#### Required action
What should be copied is the stretch of entries below from the line with "an-overweight-woman-walking-with-a-thin-man-P6WDDC.jpg" up to and including the line with "The outstanding properties", exactly and without images.

#### Supplied material

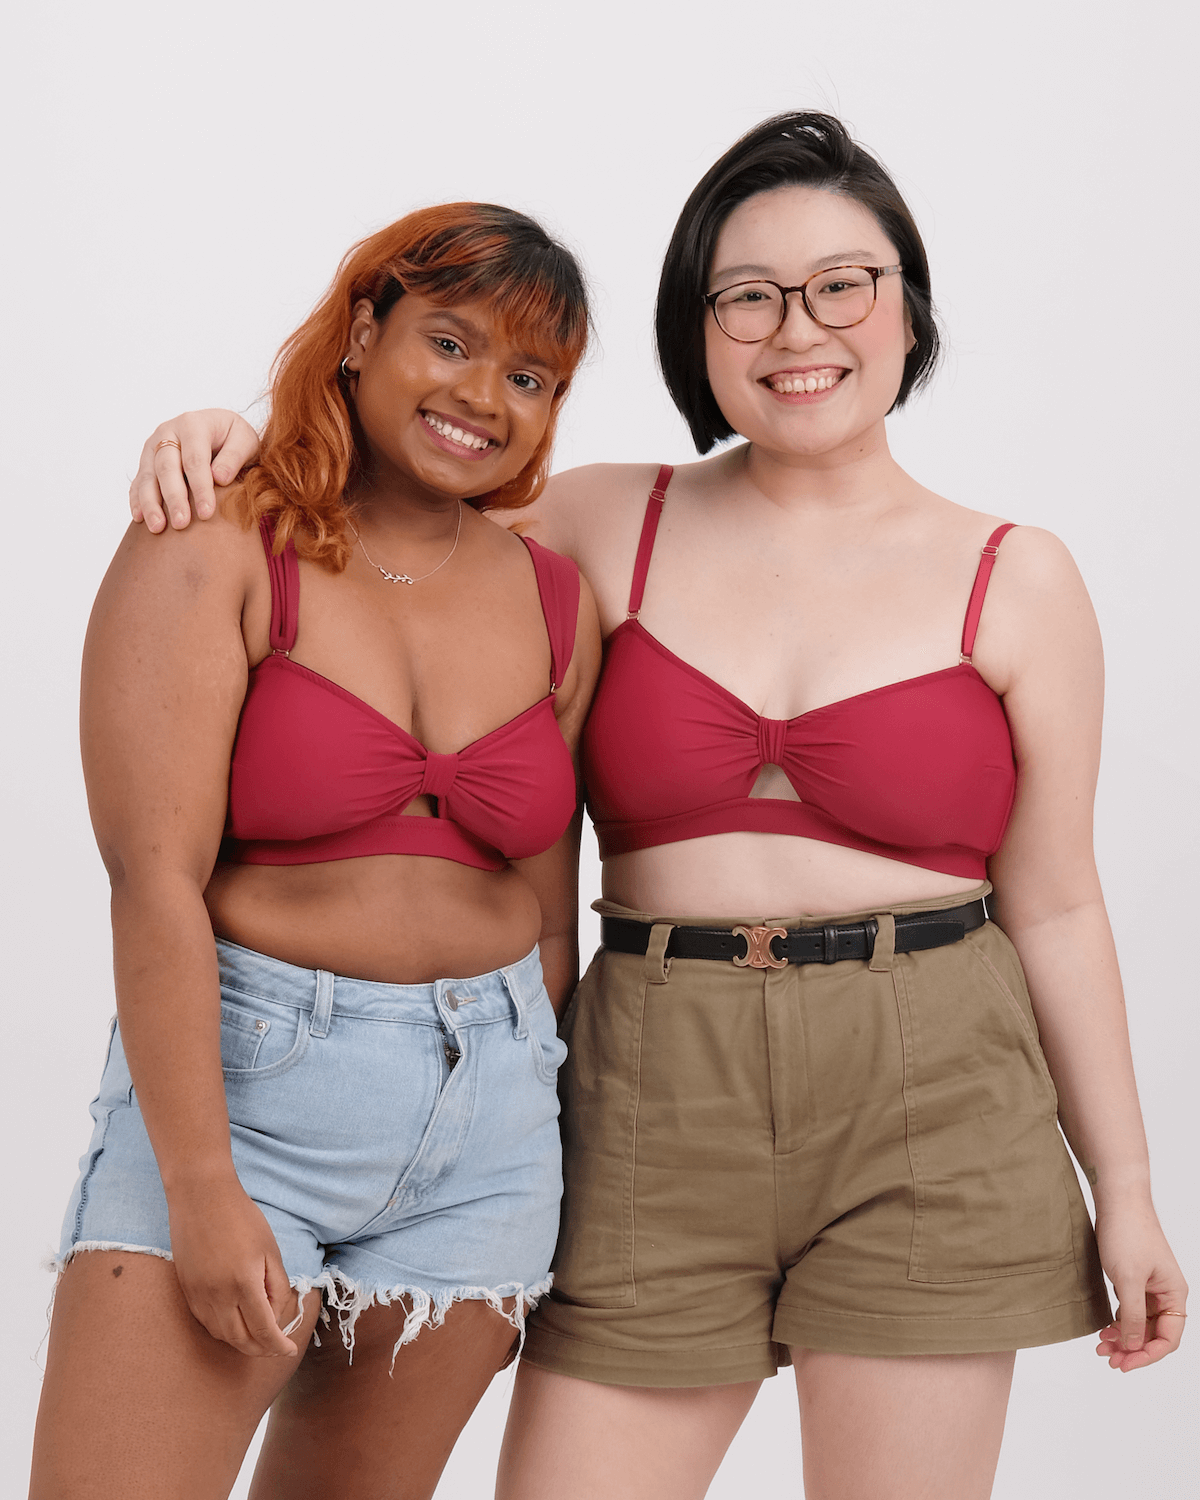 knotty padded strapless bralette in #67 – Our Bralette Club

########
#### Supplied material

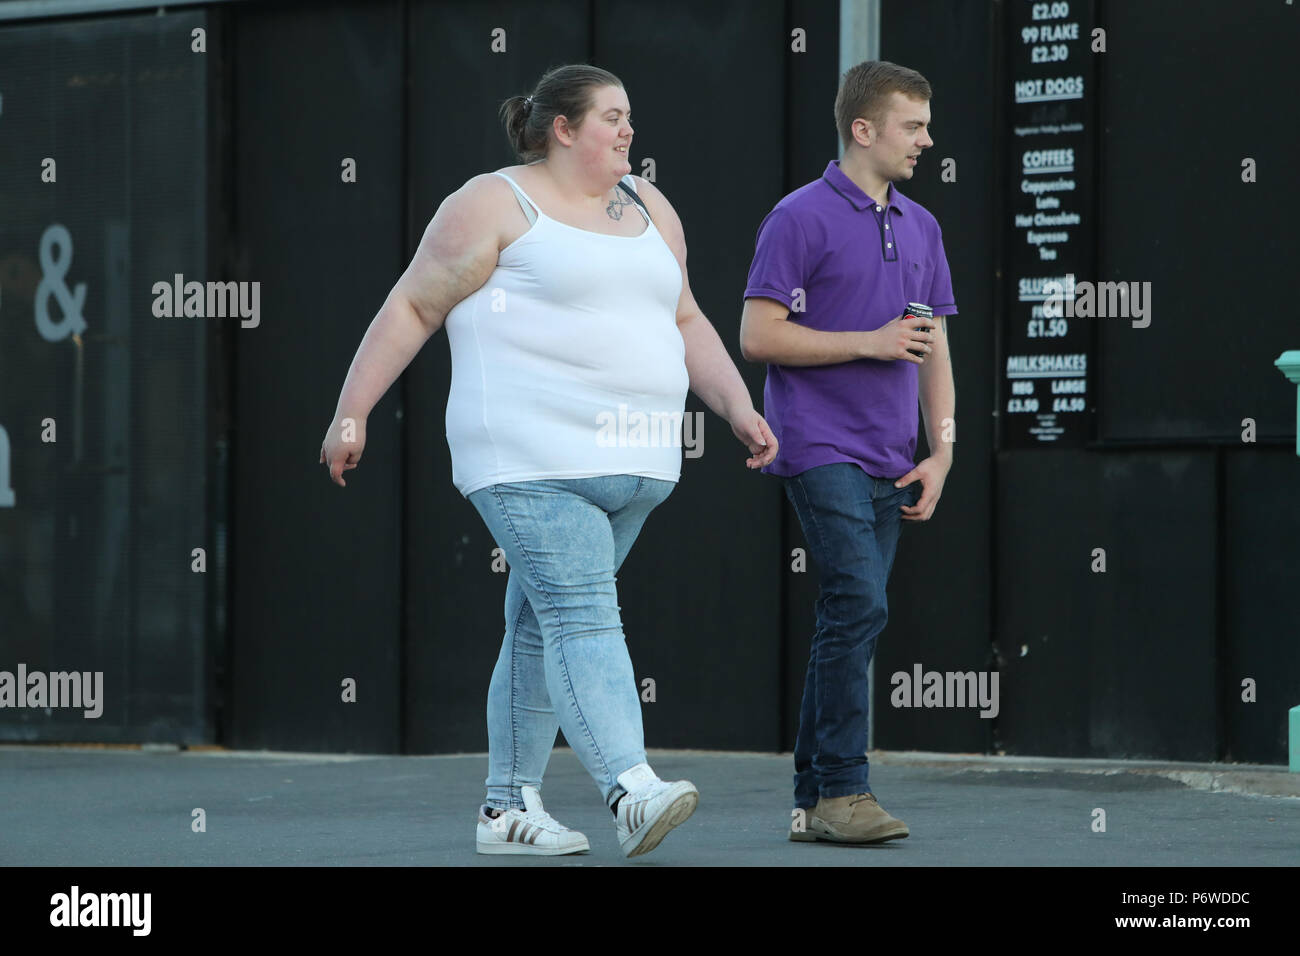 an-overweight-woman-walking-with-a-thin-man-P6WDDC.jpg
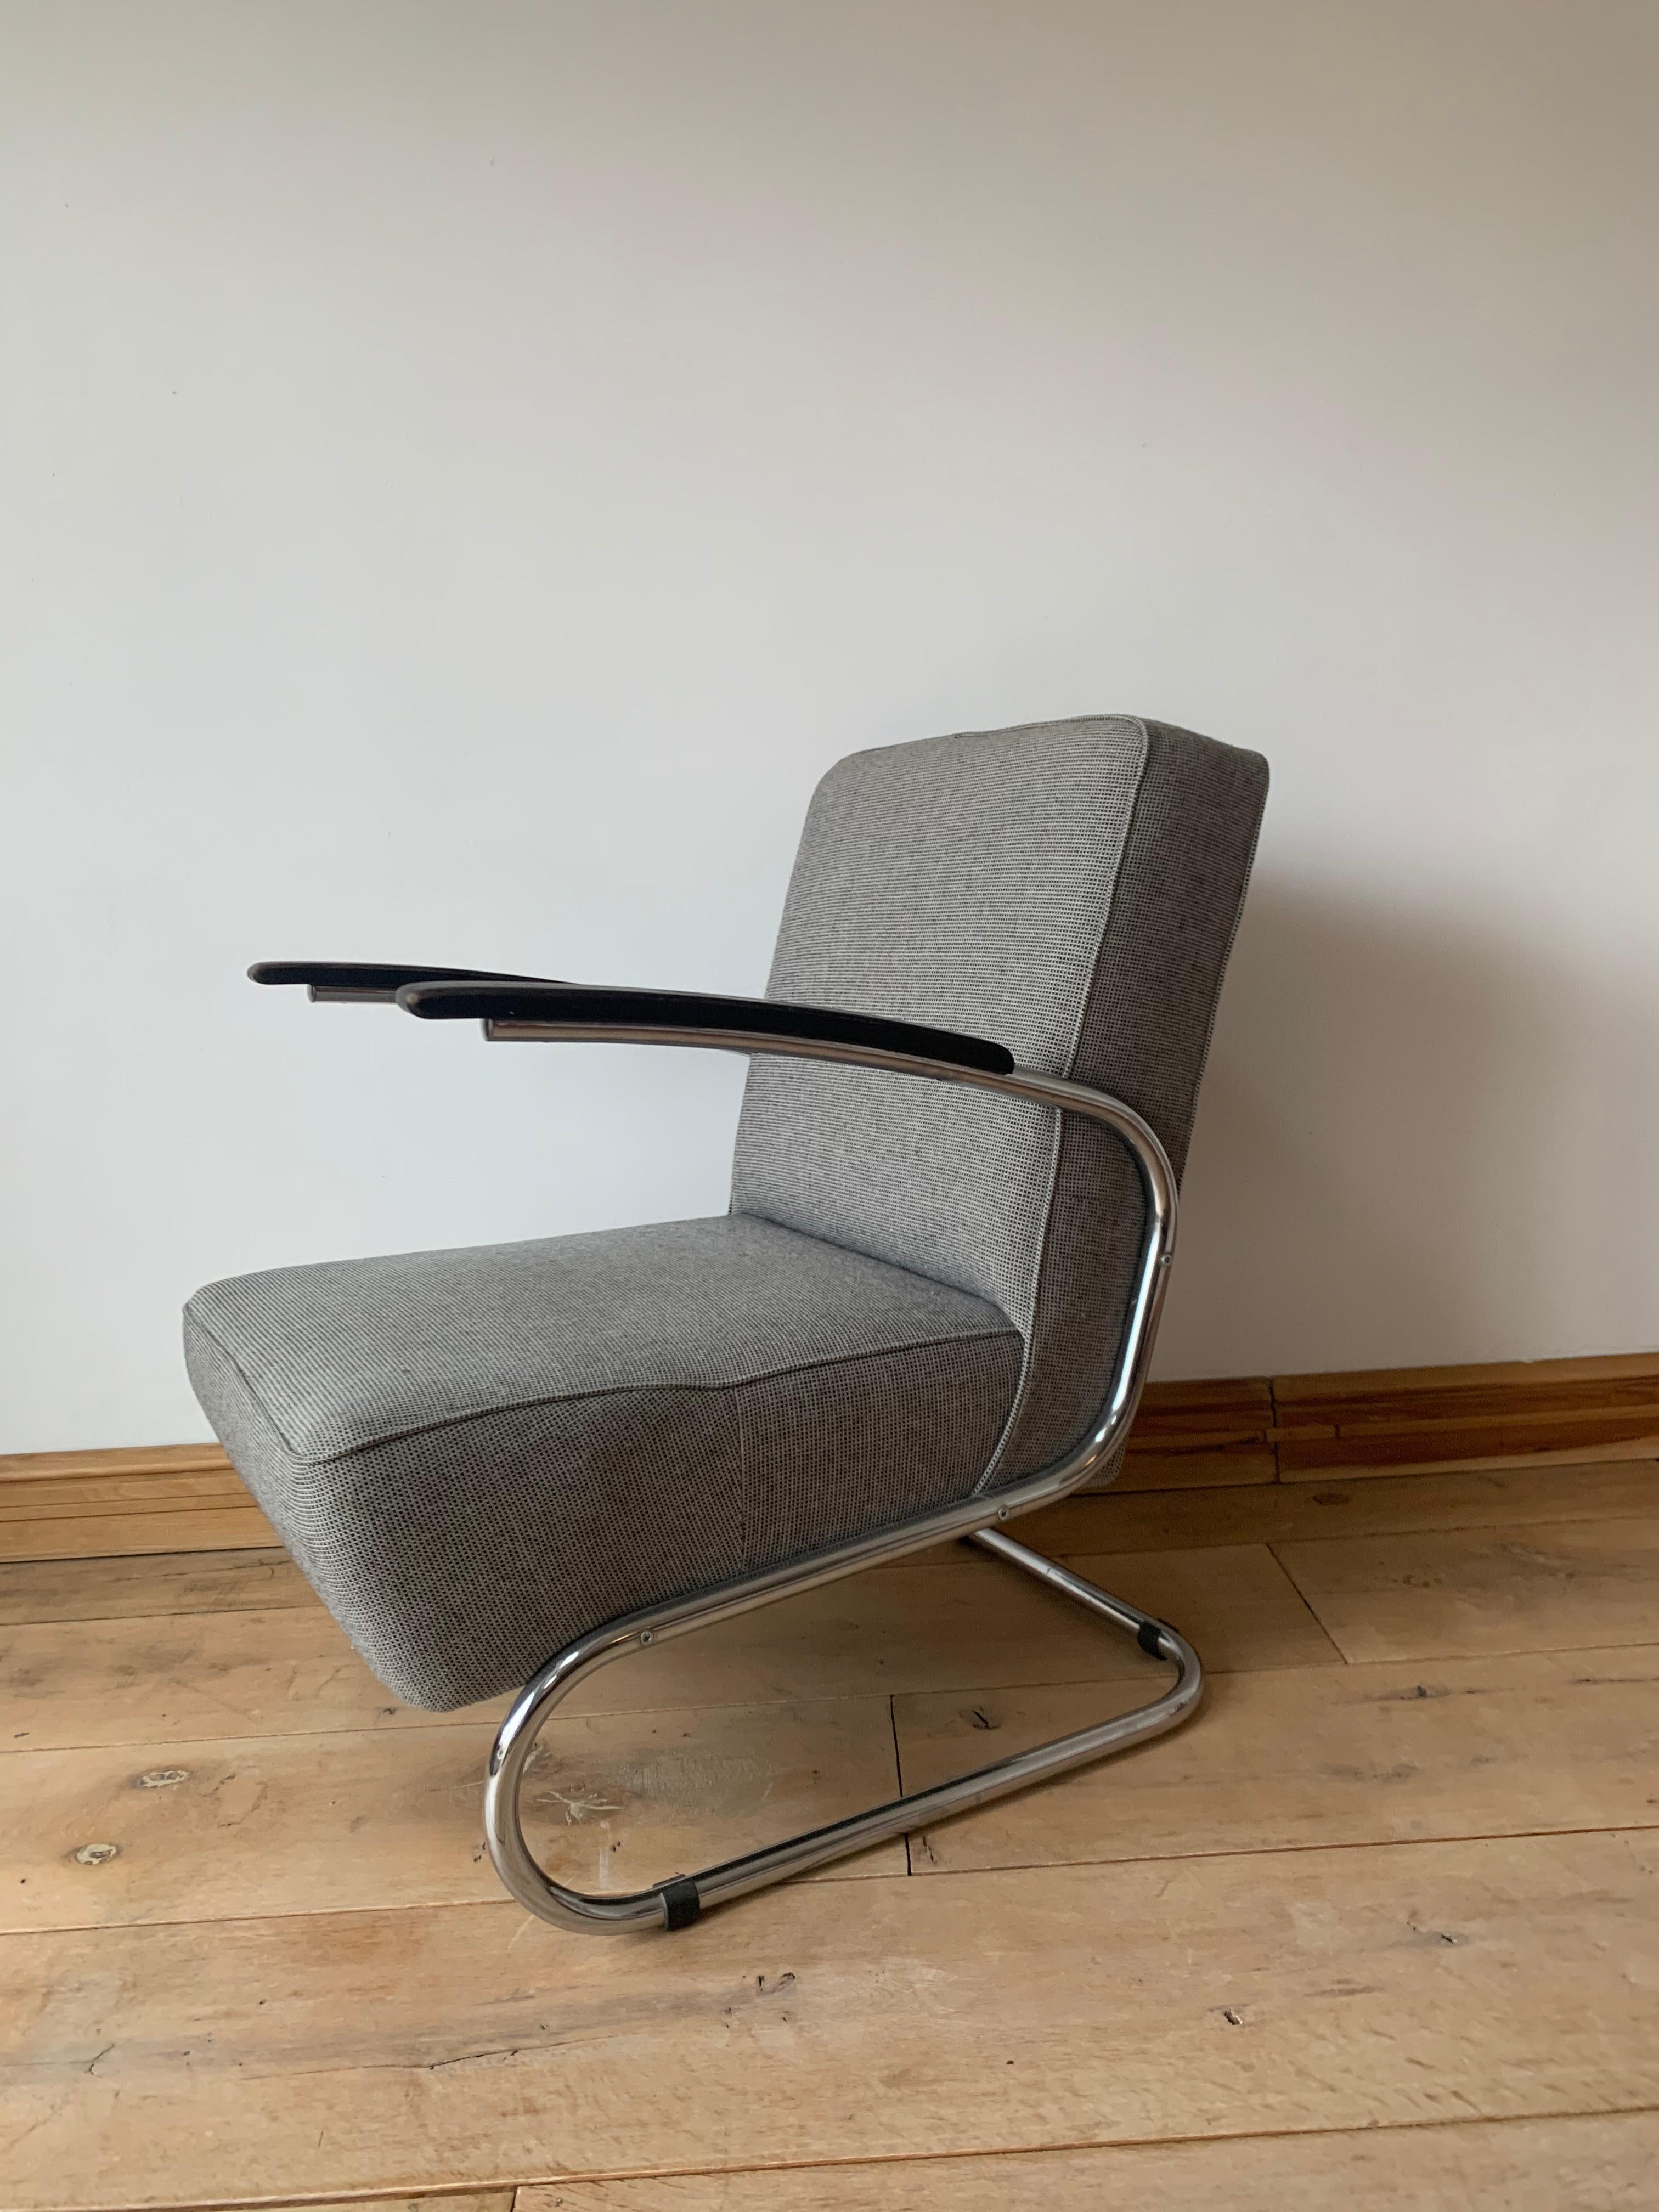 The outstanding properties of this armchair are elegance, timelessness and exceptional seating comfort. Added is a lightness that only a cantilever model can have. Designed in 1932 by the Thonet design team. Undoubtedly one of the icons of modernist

########

#### Exercise result
 an-overweight-woman-walking-with-a-thin-man-P6WDDC.jpg
 The outstanding properties of this armchair are elegance, timelessness and exceptional seating comfort. Added is a lightness that only a cantilever model can have. Designed in 1932 by the Thonet design team. Undoubtedly one of the icons of modernist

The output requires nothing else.